I made a mistake. Since the Key
must be unique, there can only be a single edge connecting to a given edge. No problem, let’s make the Key
unique. We could use a random bytes value, but it leads to other problems. We could use transaction timestamp but there is simpler solution which is to stuff the edge unique identifier inside the Key. For instance:
edge_starts_at = [
(Key(pack(('P4X432', 'SOME-EDGE-IDENTIFIER')), Value(''))
]
We can leave the value empty. That Directory can be queried using a slice or range (depending on your language vocabulary) for (key, value)
that starts with the beloved vertex unique identifier P4X432
.
That way there can be several entries in that Directory
that starts with the vertex identifier that you are looking for. Then given the key, you unpack it retrieve the edge identifier from the tuple and hop inside the edge Directory
for that (key, value)
pair. you retrieve the related edge value
and get back the full information about that edge that is:
Value(
json.dumps(
dict(
start='P4X432',
end='P4X432',
properties=dict(other_field_one='other value one', other_field_two='other value two')
)).encode('utf-8'))
With that information, you learn that 'P4X432
is connected to P4X432
forming a beautiful single edge loop.
Method 2: A single Directory
The second method use a single directory (and second index Directory
if you want to query edge incoming or outgoing from a given vertex).
It rely on EAV pattern.
The Directory schema looks like the following:
Key(pack(Entity, Attribute)) → Value(pack(Value))

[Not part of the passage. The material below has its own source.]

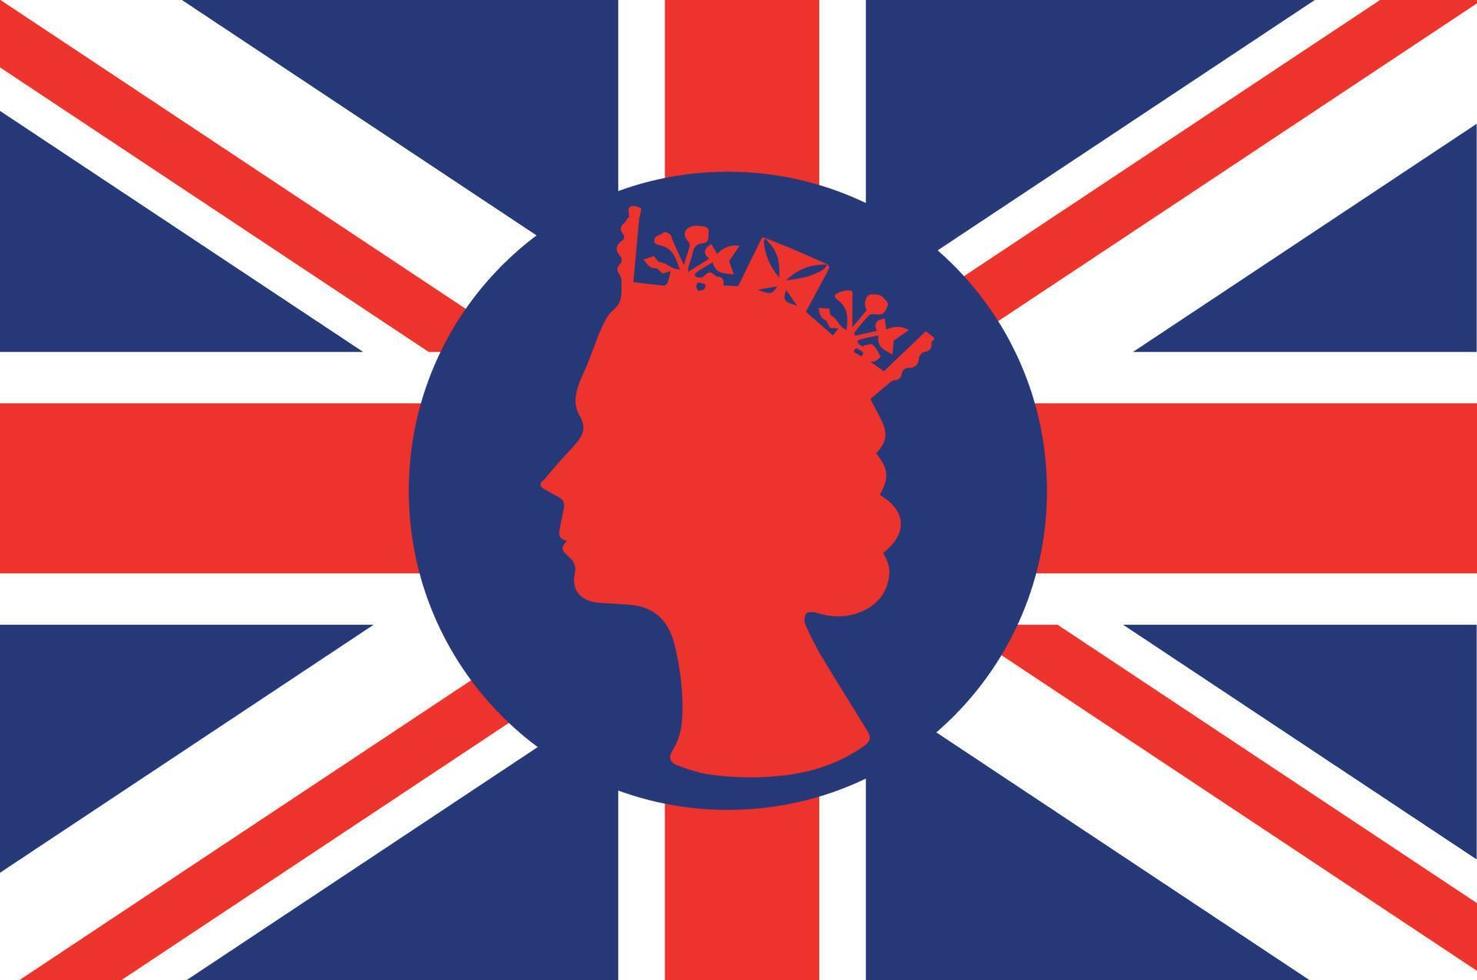 elizabeth rainha rosto vermelho com a bandeira britânica do reino unido nacional europa emblema ícone ilustração vetorial elemento de design abstrato vetor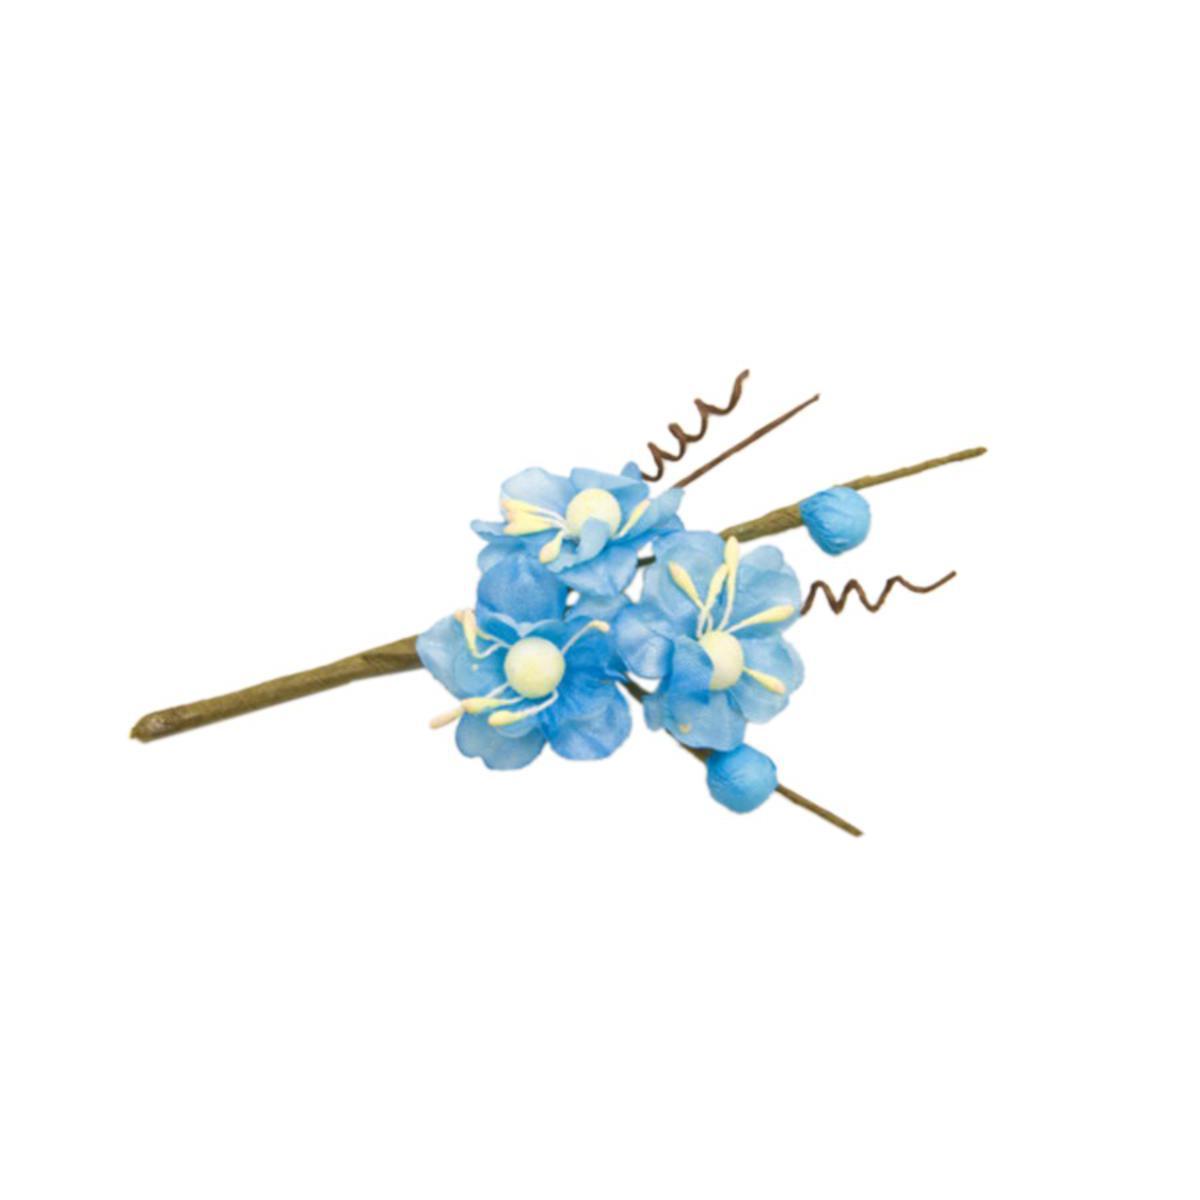 6 tiges avec fleurs de pêcher - 10 cm - Polyester - Bleu turquoise

That is the key part is stuffed with Entity
which is a fancy way to say “unique identifier” and Attribute
which is a way to say “field” or “property” and Value contains the value associated to that Attribute
for the given Entity
. For instance:
Key(pack(('P4X432', 'name'))) → Value('amirouche')
Key(pack(('P4X432', 'age'))) → Value(33)
Since the Key is unique in a given Directory
there is a single entry that contains P4X432
, "name"
and 'amirouche'
.
Since, FDB can quickly query entries that have the same prefix through range queries you can quickly build the following document from the above database description:
p4x432 = dict(
name='amirouche',
age=33
)
That Directory builds a layer in FDB parlance or abstraction if you prefer. A document store layer. On top of that layer you can build different kinds of documents one that have kind
property as vertex
and ones that have kind
property as edge
.
To be able to query for incoming and outgoings edges, you must build another directory (again repeating the same information that in the first table). And shuffle the (key, vaue)
pair to look like:
Key(pack(Attribute, Value)) → Value(Entity)
That way if you do a range query over pack((
‘start’, 'P4X432'))
you will know what entities have P4X432
has start
property. Otherwise said, what starts at P4X432
then you can get SOME-EDGE-IDENTIFIER
and re-use the previous Directory to retrieve the document representing SOME-EDGE-IDENTIFIER
.
Conclusion
The EAV pattern (method 2) is easier to grasp I think. I did not fully explain how to create the second Directory in the method 2. Let me know if it works for you.
If you are not confortable with Subspace
and Directory
just use come up with something that works tuple.pack
and tuple.unpack
and come back to Subspace
when you have better understanding of how FDB works.